Class Cohesion Measures Research Articles

Exploring community structure of software Call Graph and its applications in class cohesion measurement

Many complex networked systems exhibit natural divisions of network nodes. Each division, or community, is a densely connected subgroup. Such community structure not only helps comprehension but also finds wide applications in complex systems. Software networks, e.g., Class Dependency Networks, are such networks with community structures, but their characteristics at the function or method call granularity have not been investigated, which are useful for evaluating and improving software intra-class structure. Moreover, existing proposed applications of software community structure have not been directly compared or combined with existing software engineering practices. Comparison with baseline practices is needed to convince practitioners to adopt the proposed approaches. In this paper, we show that networks formed by software methods and their calls exhibit relatively significant community structures. Based on our findings we propose two new class cohesion metrics to measure the cohesiveness of object-oriented programs. Our experiment on 10 large open-source Java programs validate the existence of community structures and the derived metrics give additional and useful measurement of class cohesion. As an application we show that the new metrics are able to predict software faults more effectively than existing metrics.

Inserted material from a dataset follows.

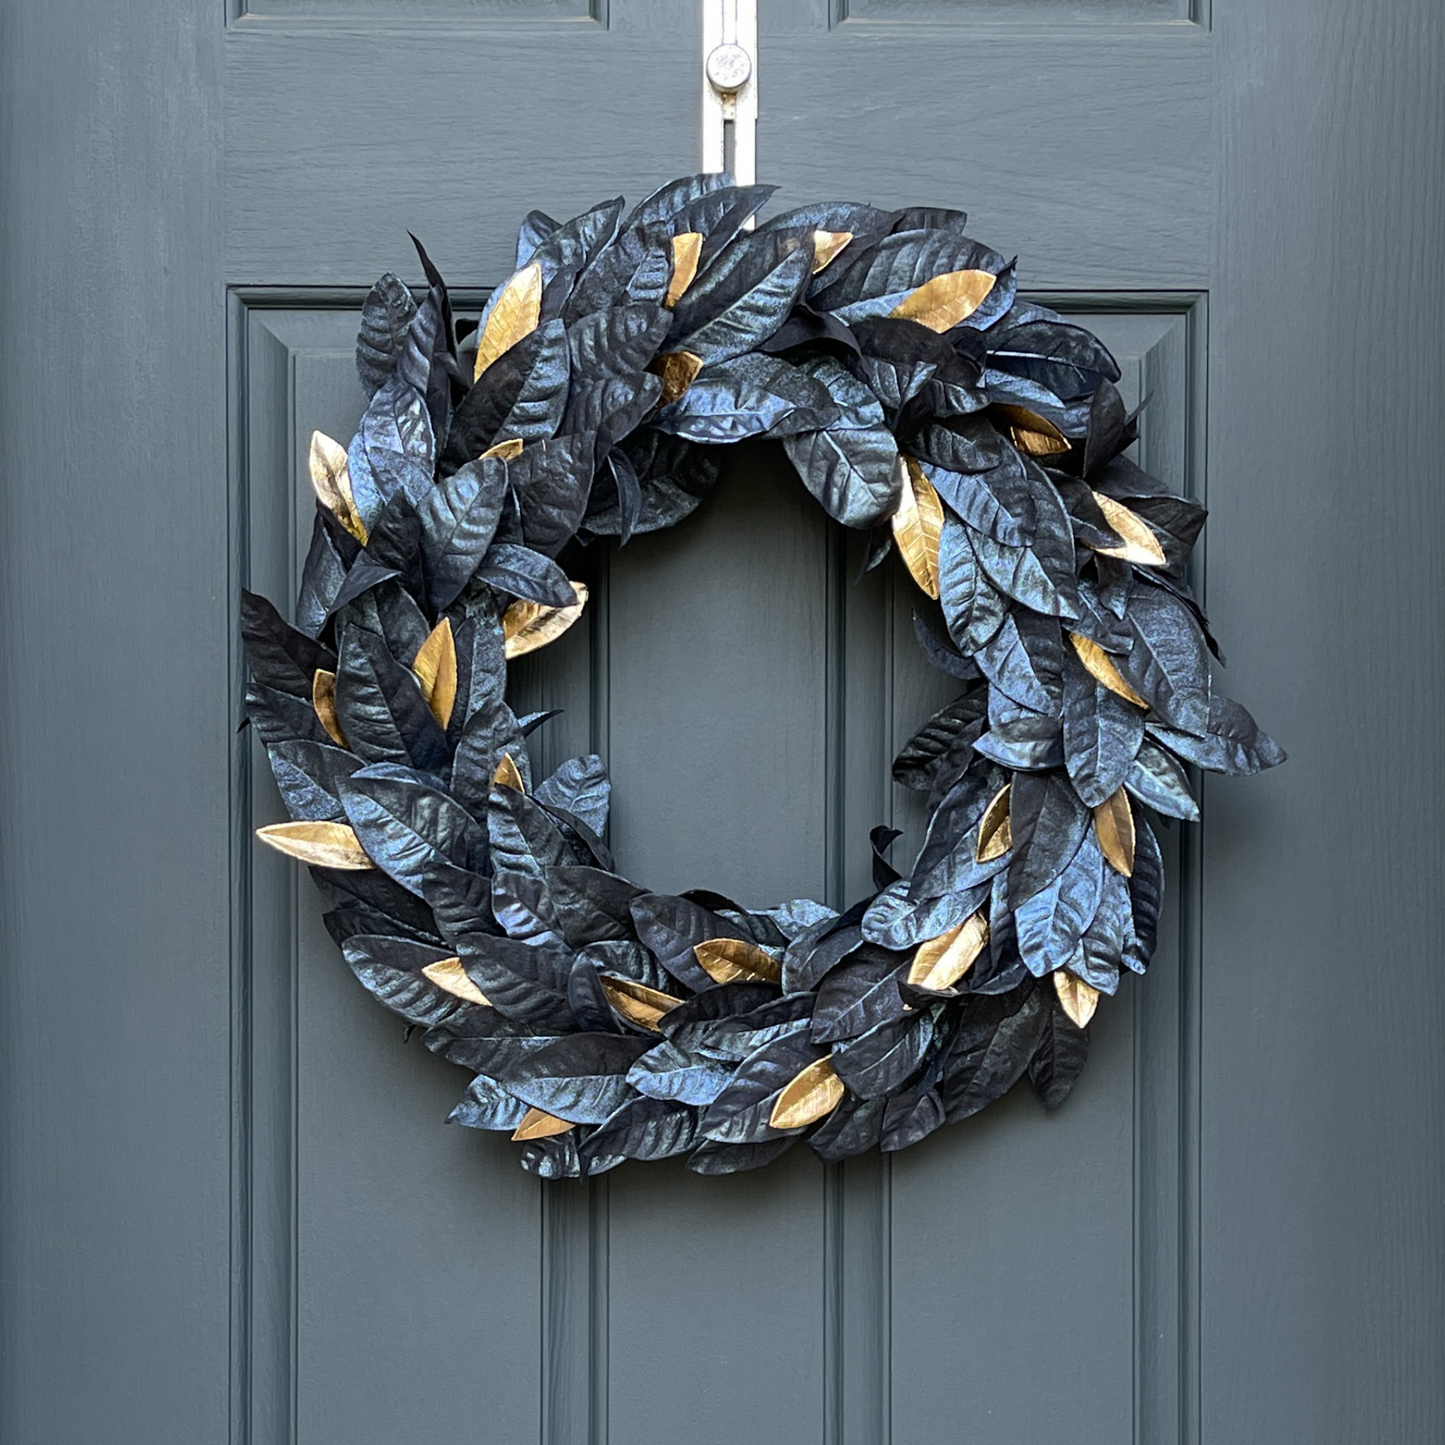 24" Halloween wreath featuring metallic black and gold leaves hanging on a dark blue door from a gold wreath hanger

Accounting for data encapsulation in the measurement of object-oriented class cohesion

Intuitively, in a certain class, a pair of methods that share an attribute of an object type is potentially more cohesive than those that share an attribute of a primitive type because the attribute of a reference type could implicitly refer to multiple data. Existing class cohesion measures ignore the implicit access to or sharing of attributes due to the encapsulation feature. As a result, the obtained cohesion values can be inaccurate and could lead to incorrect quality indications. This paper aims at demonstrating how to account for data encapsulation DE in cohesion measurement and reports empirical studies that investigate the impact of considering DE in cohesion measurement on cohesion values and the abilities of cohesion measures to predict class fault proneness. To differentiate between attributes and parameters of different types, we propose a weight assignment algorithm. The weight that is assigned to an attribute or a parameter of a type depends on the number of encapsulated attributes of the type. Seven cohesion measures are extended to consider the assigned weights in cohesion measurement. The results of the empirical study show that the cohesion values and the corresponding fault-proneness prediction results can significantly change when accounting for DE in cohesion measurement. Copyright © 2015 John Wiley & Sons, Ltd.

Effects of incorporating special methods into cohesion measurement on class instantiation reuse‐proneness prediction

The previously proposed class cohesion measures employ different approaches to assess the strength of the relations between the attributes and methods in a class. Access methods, constructors and destructors are special types of methods with special characteristics that can falsely alter the class cohesion measurement. In this study, the authors empirically explored the impact of considering special methods (SPs) on the cohesion measures’ abilities to predict the classes that can be intensively reused via instantiation (IRI). They considered classes in the JHotDraw and Eclipse systems. For each class, they obtained cohesion results using 17 measures in four different scenarios of considering or ignoring SPs. They collected the instantiation reusability data and applied a statistical technique to build a prediction model using each measure in each considered scenario. They investigated the significance of the changes in the prediction results. The authors’ results demonstrated that cohesion had a negative impact on class instantiation reuse-proneness and that SPs had significant impacts on cohesion values and the abilities of the cohesion measures to predict IRI classes. In practice, when applying cohesion measures to predict IRI classes, the results suggest that SPs must be included in cohesion measurement.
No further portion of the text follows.